Run A/B comparisons: keep the same downstream model and evaluate MRAgent-style preprocessing versus a LangMem-style heavy retrieval. That isolates whether token-frugal memory management preserves or improves quality for your use case.
Practical checklist to start moving to agentic memory
- Instrument your pipeline to measure tokens per query across components.
- Add a lightweight reranker and summarizer ahead of the main model.
- Design a memory consolidation policy (time-based, importance-based, or user-driven).
- Define token budgets and fallbacks for low-confidence situations (e.g., fetch more evidence when needed).
- Set up periodic pruning or rehearsal to keep the working set relevant.
Token economy is part engineering, part product design: measure what you send to the model, control how it is prepared, and make decisions based on the marginal value of extra context.
Where this matters most
Agentic memory is especially valuable for applications that need sustained, contextualized decision-making: personal assistants with long user histories, research agents tracking evolving projects, and multi-step automation that revisits earlier steps. For one-off queries or tightly scoped tasks, the overhead may not be worth it.
Next steps for teams
Begin by benchmarking current token usage and retrieval noise. If your median or tail tokens-per-query look large or your retrieval precision is low, invest in a small memory controller experiment: add a reranker and a summarizer and compare downstream quality and cost. Over time, move toward layered summaries and feedback-driven pruning to approach the token efficiency reported for agentic frameworks like MRAgent while avoiding the runaway costs associated with heavy LangMem-style retrieval.
Frequently Asked Questions
What does it mean that the new agentic memory framework uses 118K tokens per query?
It means the end-to-end prompt and retrieval context sent to the reasoning model averages about 118,000 tokens per query — a measured, operational metric showing how much context actually reaches the model. Lower token counts imply lower latency and cost if quality is preserved.
Why does LangMem consume 3.26M tokens for similar tasks?
LangMem-style pipelines often retrieve large amounts of raw context with high redundancy and rely on the main model to filter it. That approach sends far more tokens to the model, inflating cost and introducing noise, which explains the higher token consumption figure.

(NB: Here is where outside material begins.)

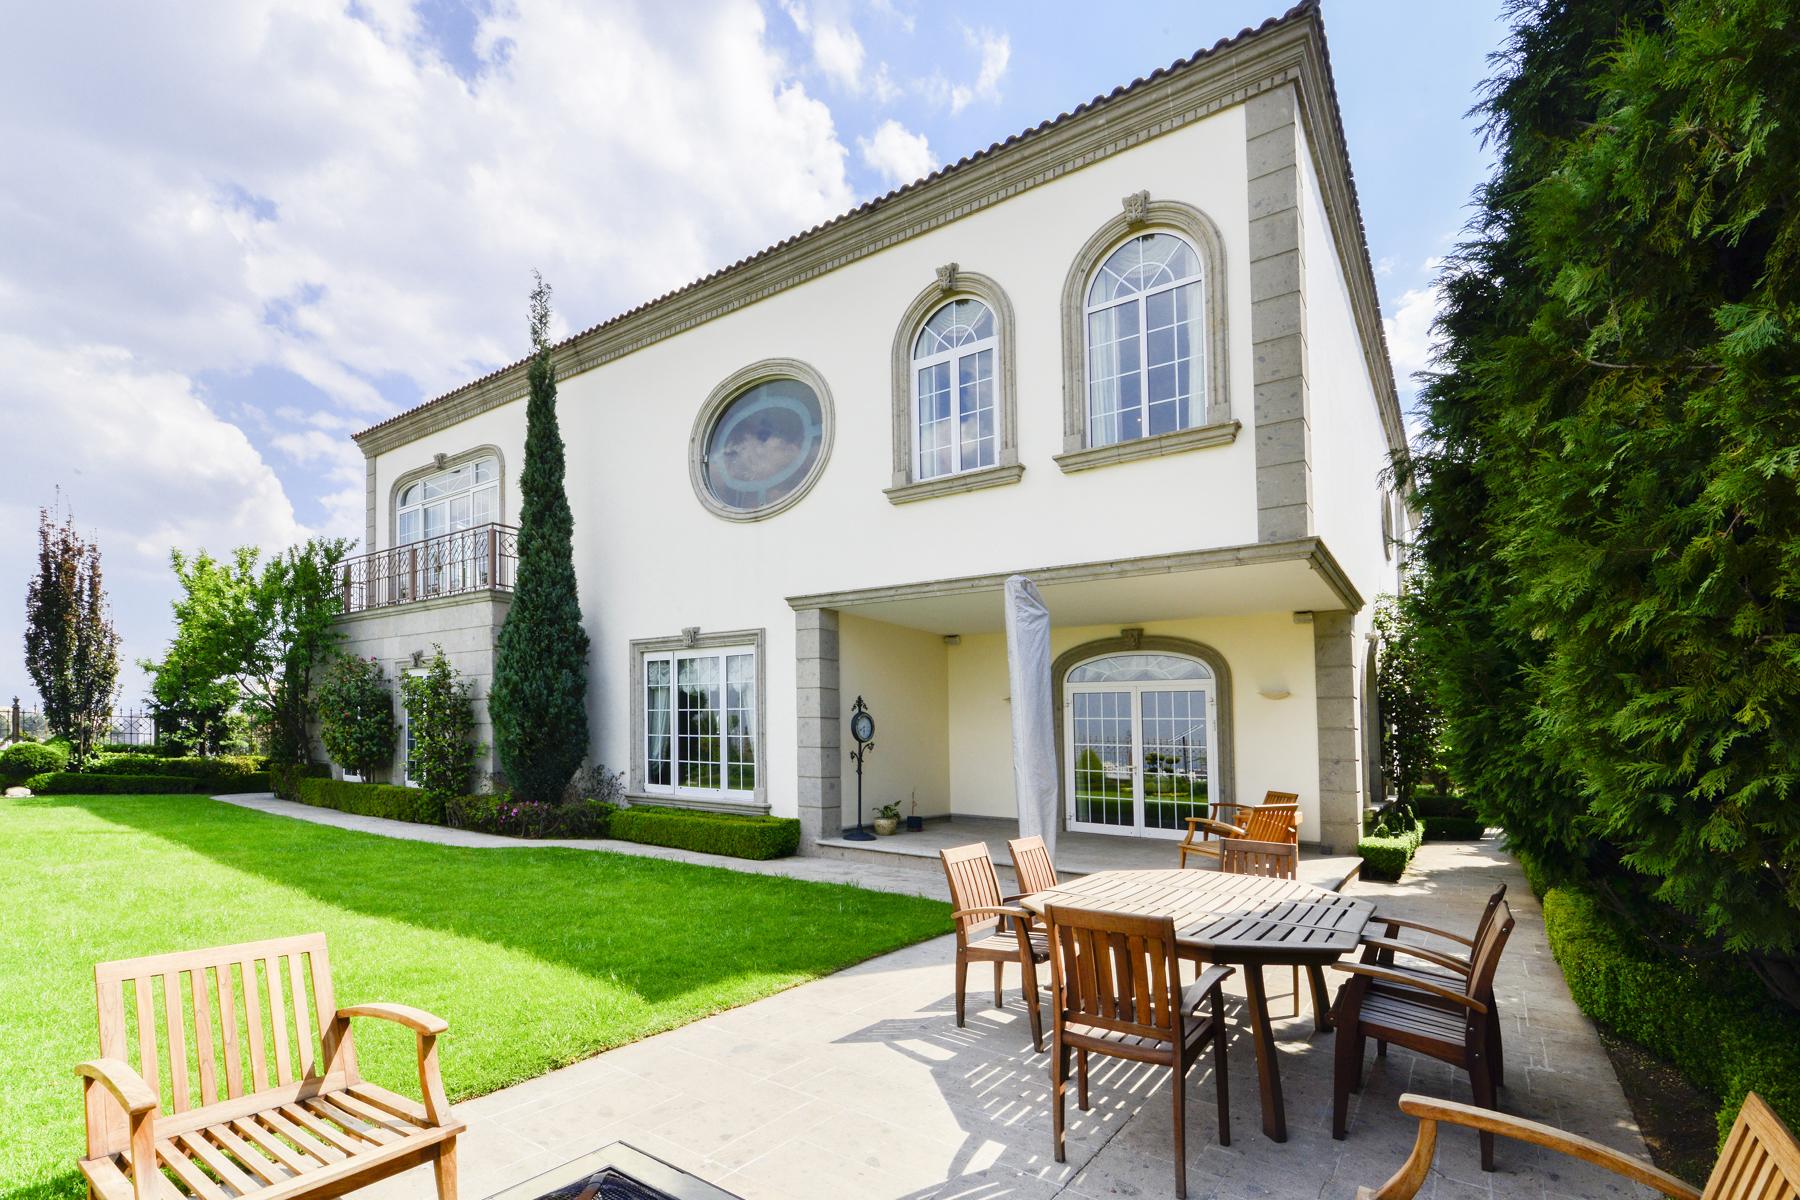 Condominium for Sale at Villa La Toscana, Bosque de las Lomas Mexico City, Ciudad de Mexico 05120 Mexico
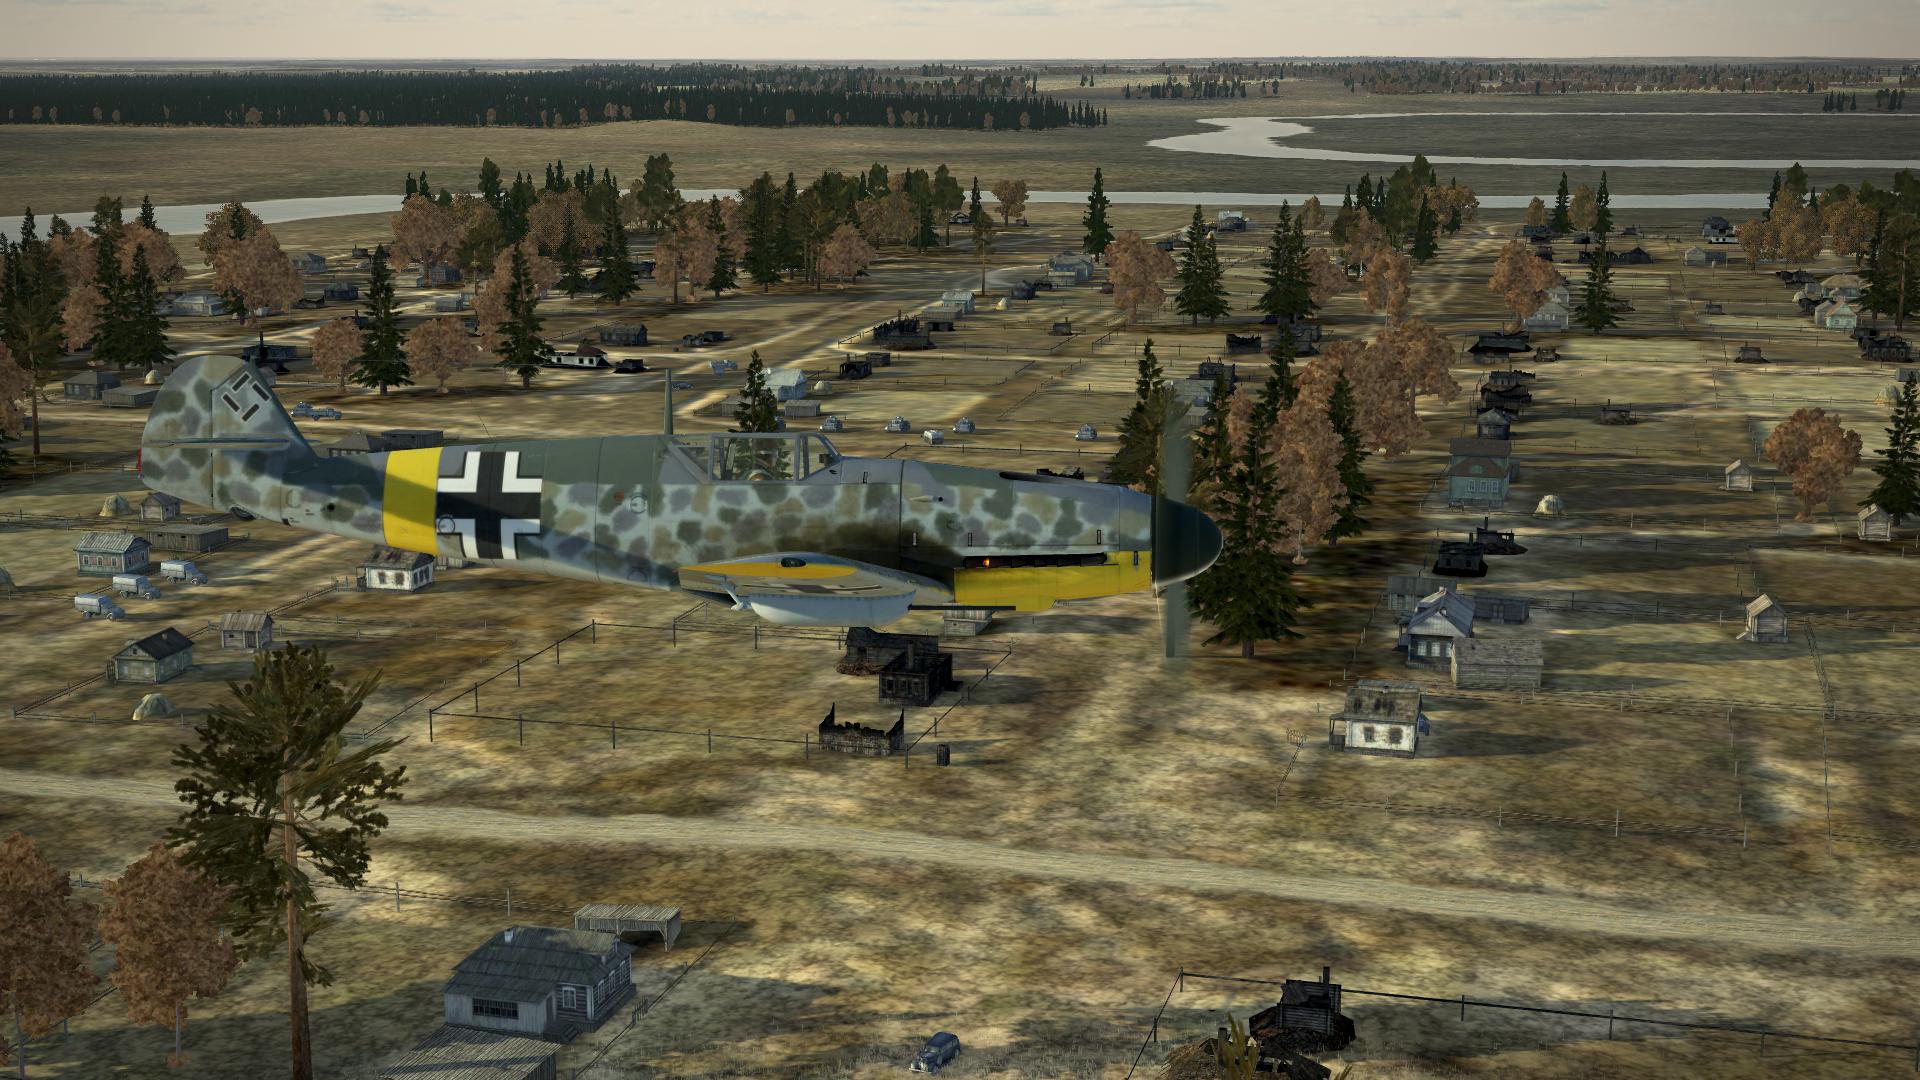 IL-2 Sturmovik Battle of Stalingrad Screenshot 2020.03.24 - 22.55.26.84.png

Does using fewer tokens always mean better performance?
No. Token efficiency matters only when relevant signal is preserved. The goal is to maximize useful information per token — reduce noise while keeping or improving task-specific quality.
What practical first step should teams take to adopt agentic memory ideas?
Start by instrumenting tokens-per-query and retrieval-precision metrics. Then add a lightweight reranker/summarizer before the main model to compress context and compare downstream quality and cost.
When is LangMem still a reasonable choice?
If your tasks are short-horizon, histories small, or engineering resources limited, a well-tuned RAG/LangMem approach can be simpler and sufficient. Agentic memory pays off primarily for long-lived user histories and repeated interactions.